Harrison Koehli
Sott.net
Wed, 17 Mar 2010 13:03 EDT
In 1960 Bernie Madoff founded his Wall Street firm, Bernard L. Madoff Investment Securities LLC. As chairman of its Board of Directors until his arrest in December of 2008, Madoff saw his firm (and himself) rise to prominence on Wall Street, developing the technology that became NASDAQ, the first and largest electronic stock exchange in America, in the process. A multimillionaire with over $800-million in shared assets with his wife and high school sweetheart, Ruth Alpern, Madoff was well-regarded as a financial mastermind and prolific philanthropist. He exuded an aura of wealth, confidence, and connections, and many trusted him as a pillar of the community. Sounds like a great guy, huh?

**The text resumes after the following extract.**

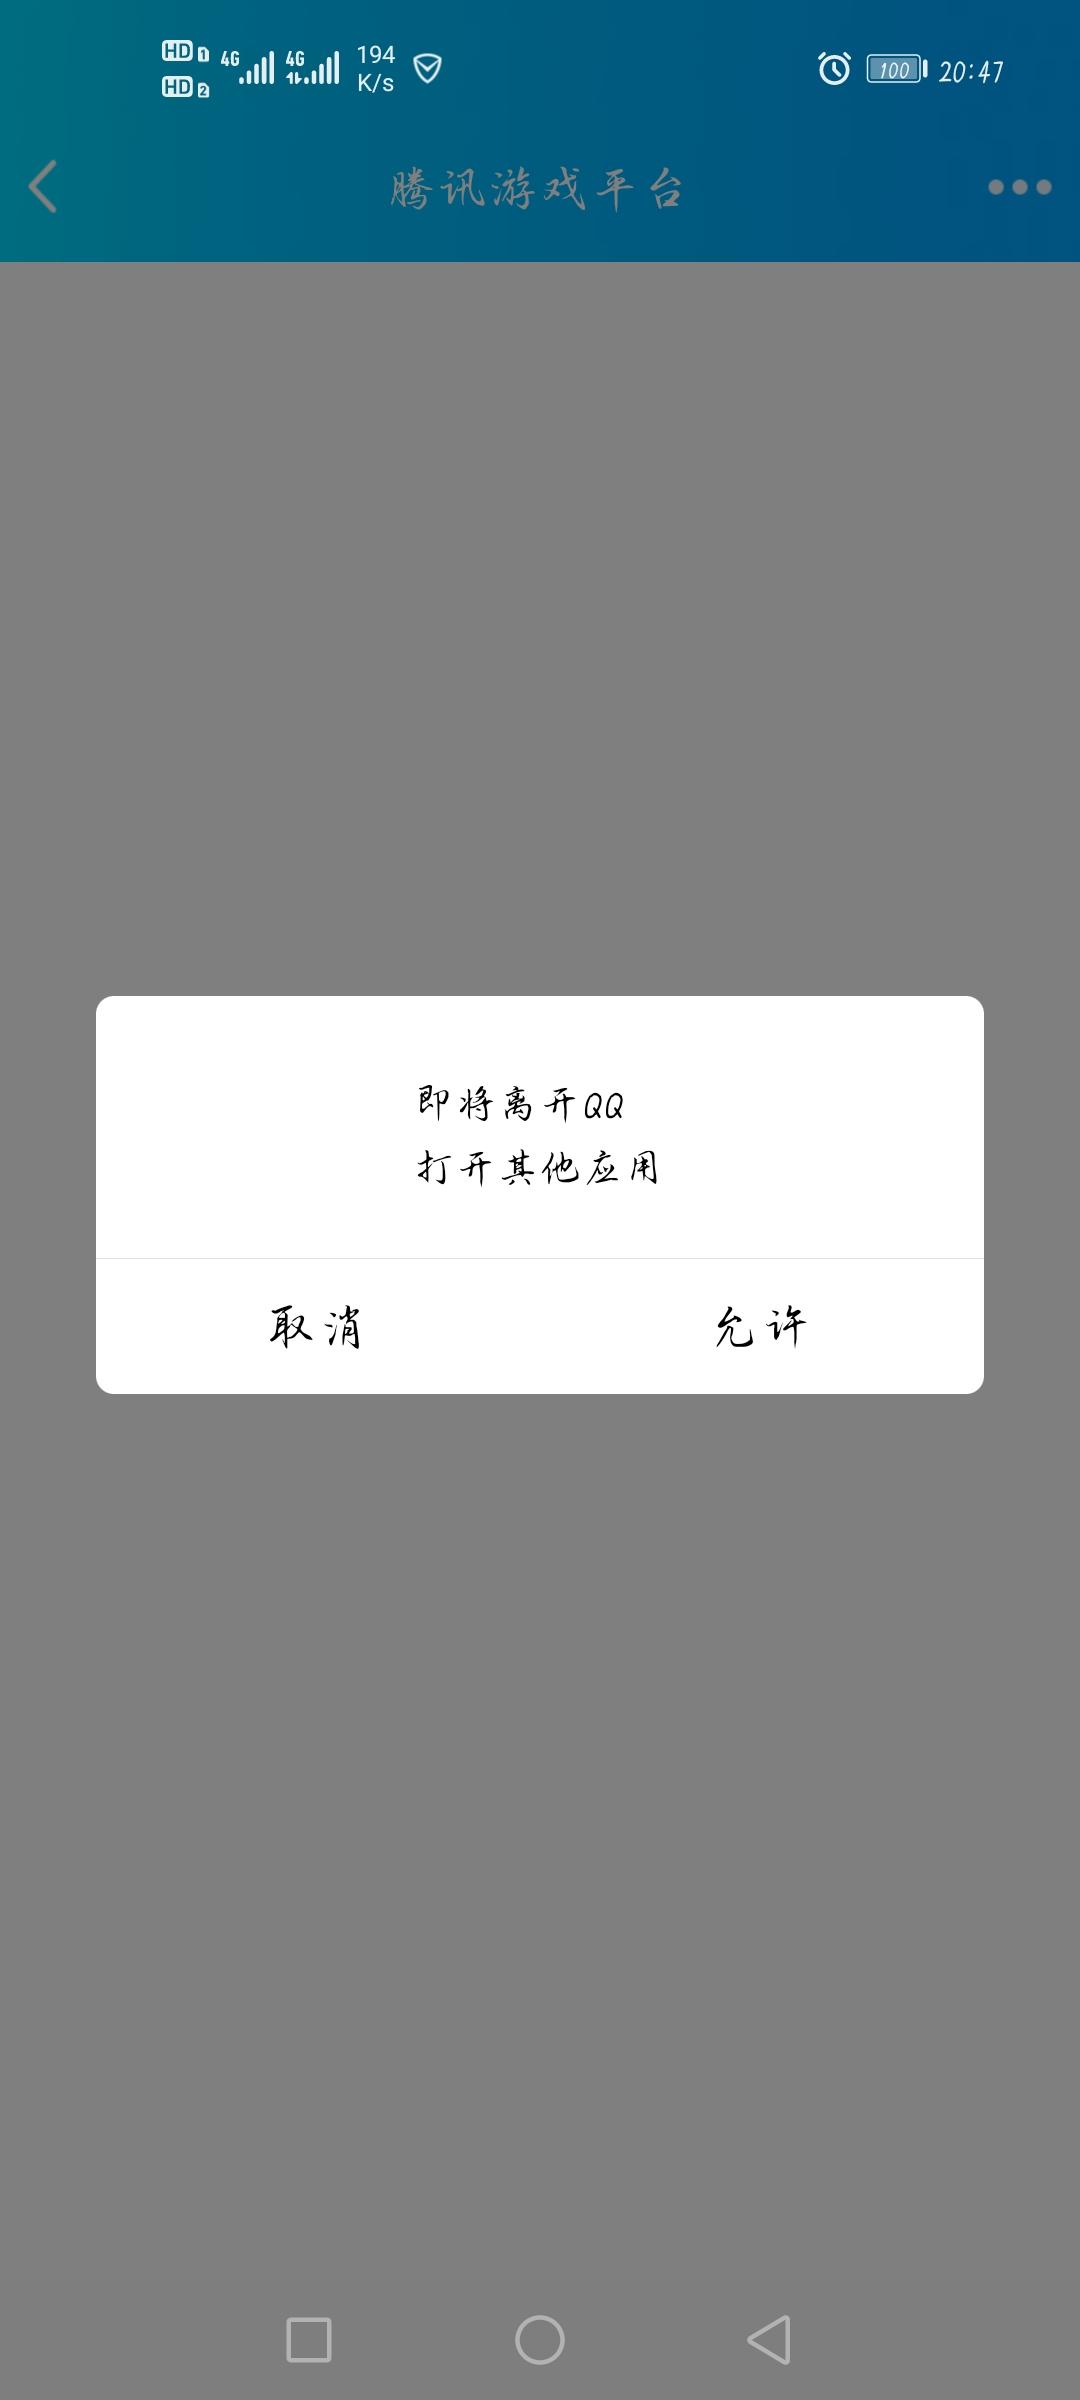 【虚拟物品】街霸WeGame拉人领30QB
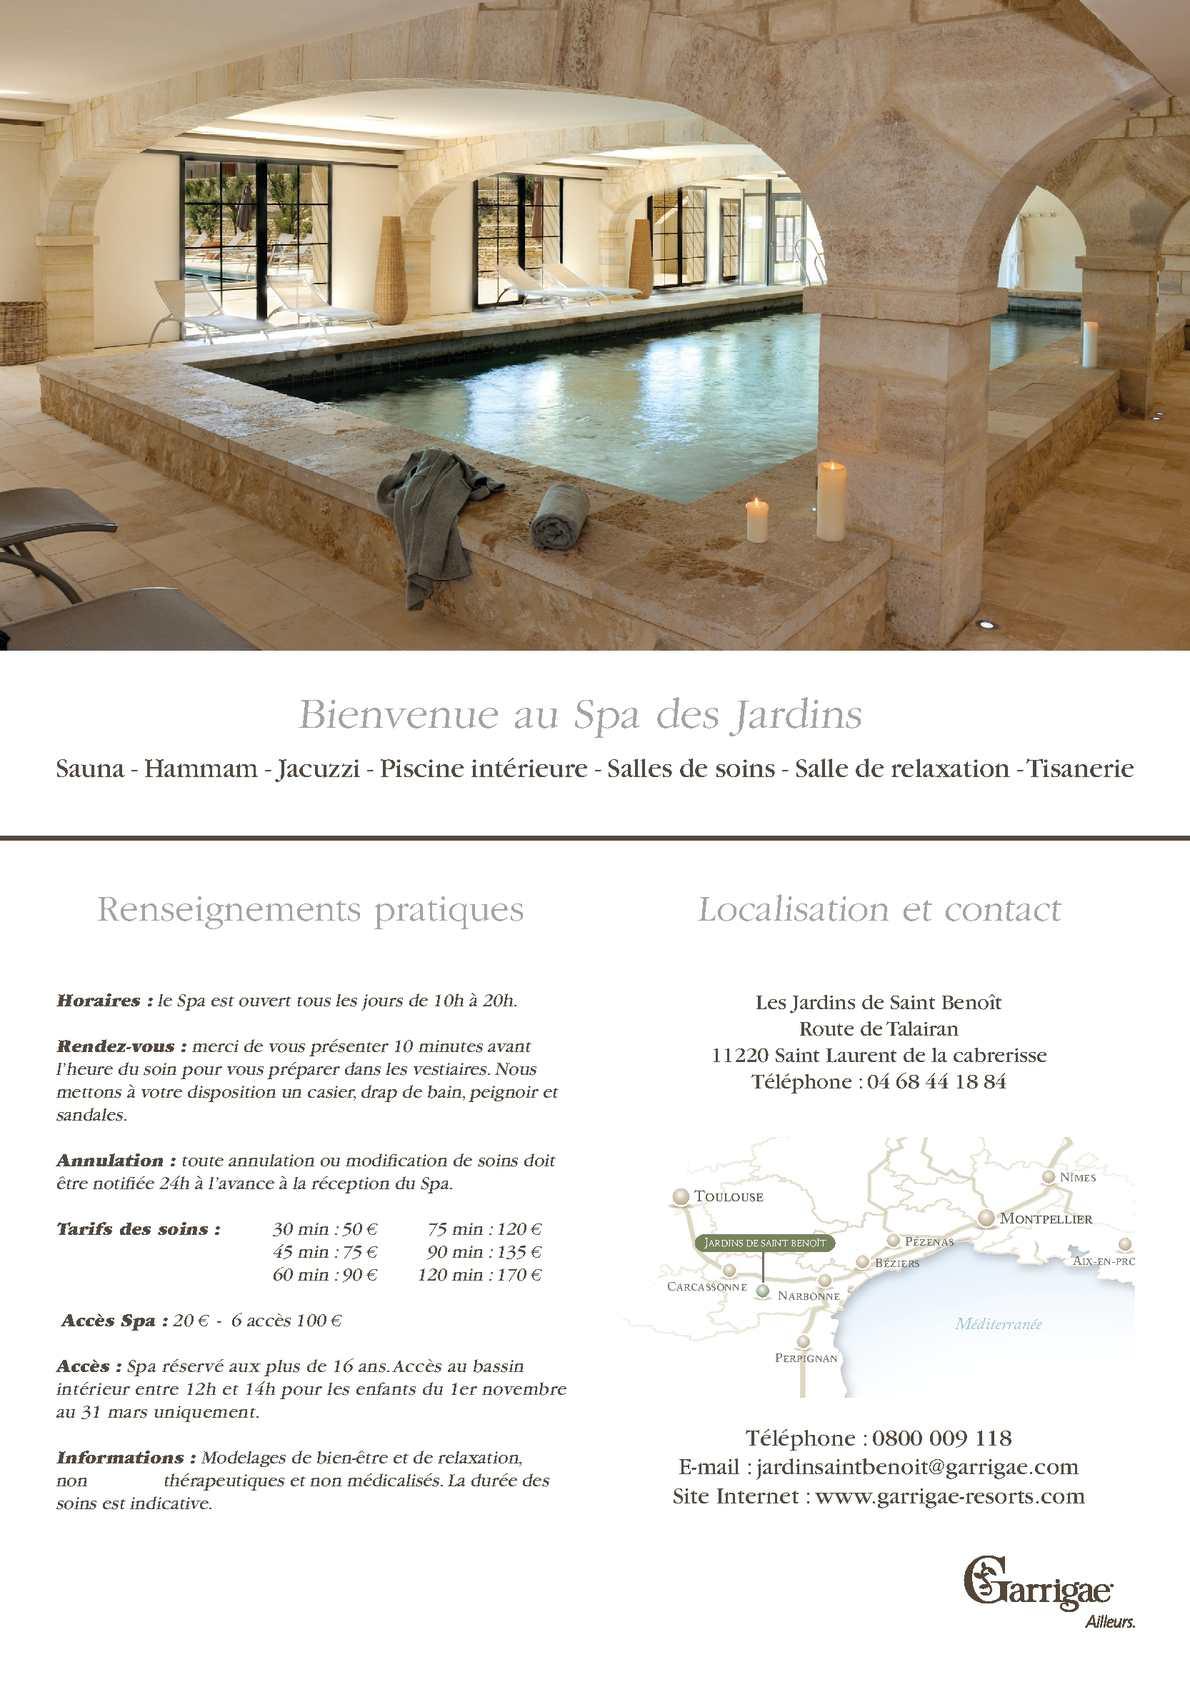 Calaméo - Carte Des Soins Jardins De Saint Benoit dedans Les Jardins De Saint Benoit Carcassonne

His humanitarian image was supported by his work for various nonprofit groups like the American Jewish Congress and Yeshiva University in New York, the various commissions and boards on which he sat, and the millions he donated to educational, political, cultural, and medical causes. As his firm's website made clear at the time (it has now been removed): "Clients know that Bernard Madoff has a personal interest in maintaining the unblemished record of value, fair-dealing, and high ethical standards that has always been the firm's hallmark." It's funny how things change with a little perspective and a pattern emerges only in retrospect. It wasn't until December of 2008 that the public became aware that this "personal interest" was anything but one of integrity, and that image stopped being taken for reality.